# Which beam is stronger?



## mae-ling (Dec 9, 2011)

Yes what you are proposing would be stronger than a 4X6. would not be as strong a 4-2X10's.
Beams are much stronger in depth then width.


----------



## cortell (Nov 27, 2010)

I suspect you could also considerably stiffen the beam by laminating (glue-n-screw) exterior-grade plywood (10" nominal continuous strips) to the 2x10s in your design. It will only increase the beam width by 1" or 1.5" but make a big difference.


----------



## D270 (Mar 27, 2011)

Wouldn't it be difficult to precisely drill thru a 2x10 for a carriage bolt with a handdrill and typical drill bits?
Or am I fretting over nothing?

Wouldn't 4, 2x10s be as strong (vertically) as 6, 2x10s or 2, 2x10s??
I thought the vertical dimension was the important part?

My purpose is to get typical available lumber, i.e. a 4x6, and not need to buy a specialty drill bit to go thru a 2x10. Plus make it a strong beam.

Would the plywood strips help because they are sheets with opposing grain laminated together?

Thanks!


----------



## ninjahero (Apr 10, 2012)

D270 said:


> Wouldn't it be difficult to precisely drill thru a 2x10 for a carriage bolt with a handdrill and typical drill bits?
> Or am I fretting over nothing?
> 
> Wouldn't 4, 2x10s be as strong (vertically) as 6, 2x10s or 2, 2x10s??
> ...


Your idea will work due to mass because u cant precisely drill through a 2x10 n by the way u can never over do a project especially if it for your kid(s) cuz u obviously want to keep them safe but just a tip if u do go through with it finish boxing it up with plywood or something jus do it covers the bolt and makes it look nice ya no


----------



## joecaption (Nov 30, 2011)

A simple cheap 1/2" paddle bit would do the job and for what your doing it does not to be precise as you suggested.


----------



## Joe Carola (Apr 14, 2006)

D270 said:


> Hi,
> For my kids playset I am trying to overbuild the swingset portion.
> I see many designs with 4x6 as a swing beam. I saw a DIY swingset with 4, 2x10's bolted and glued together.
> 
> ...


How is 4-2x10s...10"?


----------



## ninjahero (Apr 10, 2012)

Joe Carola said:


> How is 4-2x10s...10"?


Because he building a swing he's goin to bolt it so he wanted to drill it upward not through you understand so his idea of sistering 2 2x10s on each side of a 4x6 is good enough cuz it will be solid and hold a good amount of weight n will last for his kids for a long time to come


----------



## ninjahero (Apr 10, 2012)

joecaption said:


> A simple cheap 1/2" paddle bit would do the job and for what your doing it does not to be precise as you suggested.

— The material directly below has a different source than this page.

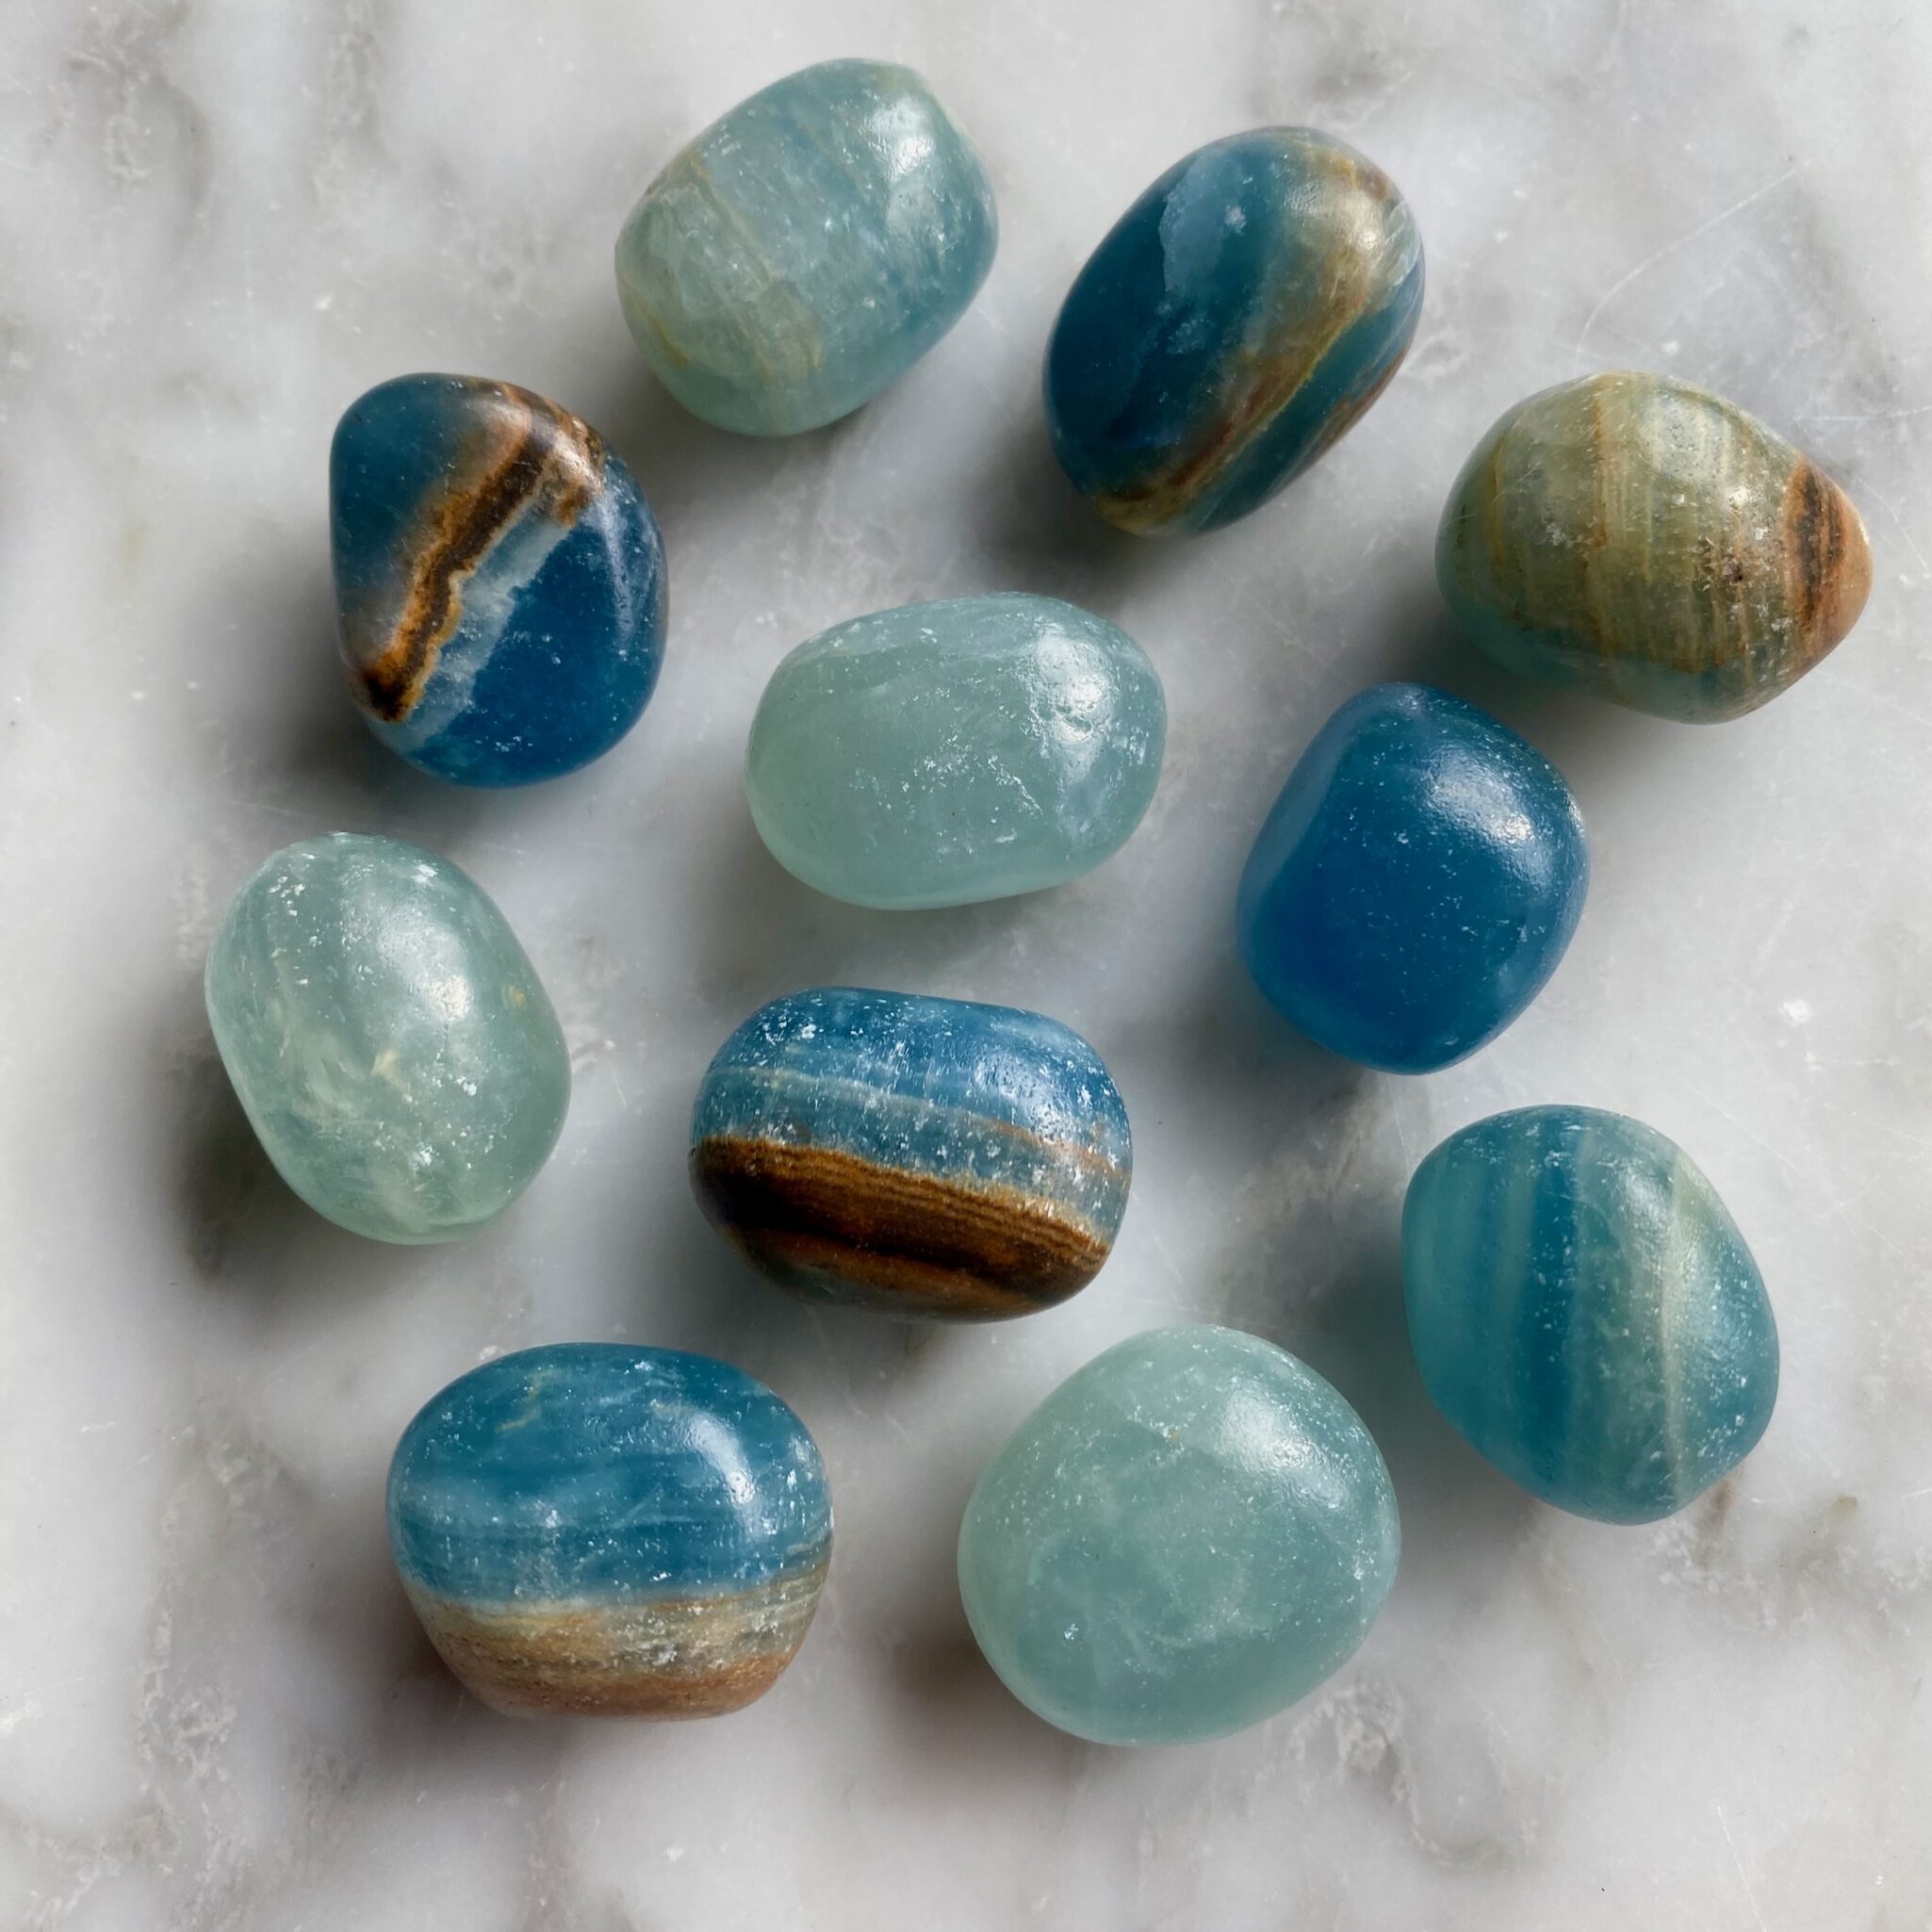 Blue Onyx Tumbled Pocket Stone - onyx bleue roulé pierre de poche

Ya but me personally would use 1/4" because some of the hook or whatever you would call it I can't really find a huge selection But 1/2" would to if you can find one


----------



## cortell (Nov 27, 2010)

D270 said:


> Wouldn't it be difficult to precisely drill thru a 2x10 for a carriage bolt with a handdrill and typical drill bits?
> Or am I fretting over nothing?


You don't need to drill precisely through the 9-1/4" of distance in _one_ single 2x10. Think of the four fastened 2x10s as a single block of wood. All that matters is that you start drilling through the top (or bottom) and you come out the other side, and that the resulting hole is mostly vertical. You're going to have a washer and nut holding the through-bolt in place.



> Wouldn't 4, 2x10s be as strong (vertically) as 6, 2x10s or 2, 2x10s??
> I thought the vertical dimension was the important part?


Absolutely not. You're getting confused with the fact that increasing the depth of a joist or beam is more effective than doubling up. E.g., a 2x12 makes a stronger and more rigid joist than two 2x10s.



> My purpose is to get typical available lumber, i.e. a 4x6, and not need to buy a specialty drill bit to go thru a 2x10. Plus make it a strong beam.


You just need a long bit. That's not too difficult to find, especially in the age of the internet.


----------



## Joe Carola (Apr 14, 2006)

ninjahero said:


> Because he building a swing he's goin to bolt it so he wanted to drill it upward not through


Ok....all he has to do is buy a long drill bit.


----------



## D270 (Mar 27, 2011)

I do appreciate all the feedback. Lots of good perspectives. I mis-spoke when talking about 10" to drill through...all lumber is smaller, of course.

My thought about the lamination was what if I drill through the one 2x10 crooked and come through a seam? 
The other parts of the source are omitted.